When I was a little girl I told my mum that my tummy ached.  I told her that I would feel better if she let me eat a piece of bread.  She didn’t give me bread and took me to a family doctor.  It turned out that I was not sick but just hungry.  I didn’t know the word to explain the intense sensation I felt in my belly.  What I felt in stomach, aching for food, was denied as not legitimate by adults. When I was a teenager, I had a painful period.  I told that I had severe cramps and couldn’t move.  My father said, “No, you don’t.  You are lazy.”  My mom didn’t protest.  (Later I found that my mom never had a painful period in her life, and she couldn’t imagine how bad it could be.)  Thus in my early ages I learned not to trust the feeling in my body.

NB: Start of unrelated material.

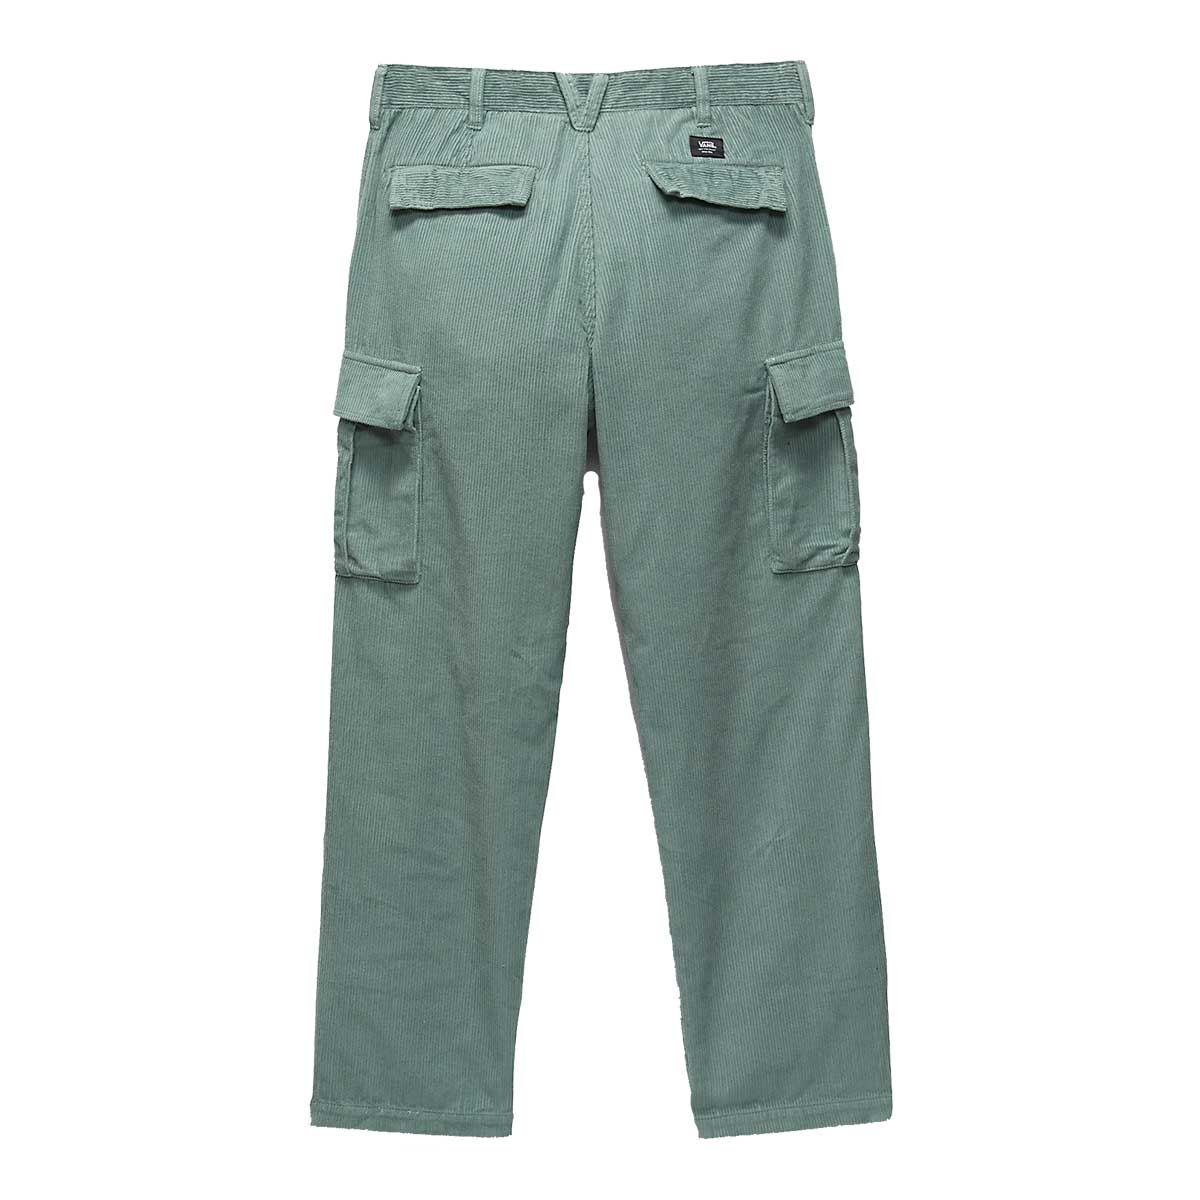 Cargo Pants for Men, Slim-fit Drawsting Performance Long Trousers Outdoor  Casual Stretch Tapered Pants Men - Walmart.com

We lose the ability to connect to one’s body little by little.  When someone in authority, such as parents and teachers, tells us we have to feel certain way again and again while we don’t feel that way, it becomes unsafe to be ourselves.  Others in our life take away our connection to the body.  We gain artificial limbs and body parts instead, which function very well.   Nobody notices it’s artificial.  Sometimes they could be much more useful than real limbs, just like a sword loaded limb, since we don’t feel pain.  Eventually we might even forget they are not real. When one suffers a hugely traumatic experience and survives, the disconnection between mind and body could be much harder to reconcile.

About the photo: I took the photo of the glass sculpture at Corning Museum of Glass. Unfortunately  I don’t know the artist’s name.